Fractale has certainly been many things during its broadcast run, but one thing is hasn't particularly succeeded at being is consistently good. But, here we are at the show's finale nonetheless, and the chance to imbue some real meaning on a series that seems to bear all of the hallmarks of having lost its way.
To be honest, the opening to this eleventh instalment couldn't be much clumsier, with Phryne's "father" spilling the whole beans about how Fractale works, or more importantly what it needs to reboot and how Phryne and Nessa fit into this, complete with creepy undertones of child abuse. At the end of this decidedly rushed monologue, a detached Phryne stabs her so-called father, before realising what she's done and running away in terror - Nessa follows, leaving a shell-shocked Clain alone.
Cue some machinations, twists and turns, including the Fractale temple being set to blow itself up (not the most imaginative plot point, I'm sure you'll agree), Dias throwing himself at the Grand Priestess and getting blown up, and Sunda getting shot and then (and you may see a pattern emerging here) blown up. The last of these explosions allow Nessa, Phryne and Clain to escape, as they shoot off into the sky on a glass elevator like so many extras from Willy Wonka and the Chocolate Factory - only this time, the end of their journey is treated to little more than a clip from K-ON... sorry, I mean a clip of a Phryne from many years past which is probably supposed to be evocative but ended up being boring.

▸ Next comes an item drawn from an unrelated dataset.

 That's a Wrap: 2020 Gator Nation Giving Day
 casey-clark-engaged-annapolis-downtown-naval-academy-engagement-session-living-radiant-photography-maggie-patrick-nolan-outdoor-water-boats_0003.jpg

Come the end of it all, Phryne decides to do what she was created for and reboots the Fractale system (for what will be the last time given that its temple has collapsed), complete with the agreement of Clain that she is doing it for reasons that aren't purely selfish. Lost Millennium continues to live their own life, while a post-reboot Phryne/Nessa hybrid lives with Clain, only awakening after a full year of sleep.
I'm going to throw this out here as frankly as I can - the latter of Fractale was, largely, a bit crap. While its early episodes held an interesting premise and were, if nothing else, a fascinating mirror held up to Hiroki Azuma's previous work and theories, the second half of the series saw a lot of its intellectual facade crumble, much like the Fractale system itself, to reveal a tired and clunky story that really didn't have anywhere to go. This lack of scope for any kind of interesting ending is readily apparent in this series finale, with an ending full of explosions and some pretty visuals but utterly devoid of any real meaning to the point of almost being frustrating as it simply reboots its world with little more than a shrug which screams "oh well, Clain got his girlfriend, the rest of it doesn't matter, right?".
Ultimately, I'm not sure whether Fractale is a series that was undone by its own ambition (those early episodes were so heavy with allegory that I suspect its actual outward storyline simply collapsed under its weight) or whether it was just a poorly conceived idea from beginning to end - I'd still argue that the first few episodes of the series are worth watching for anyone who has read Otaku: Japan's Database Animals as an exercise in seeing Azuma's philosophy transferred into a living, breathing anime show in its own right (while posing some fascinating questions at the same time), but beyond that (or perhaps because of that early promise) the series as a whole is pretty hugely disappointing.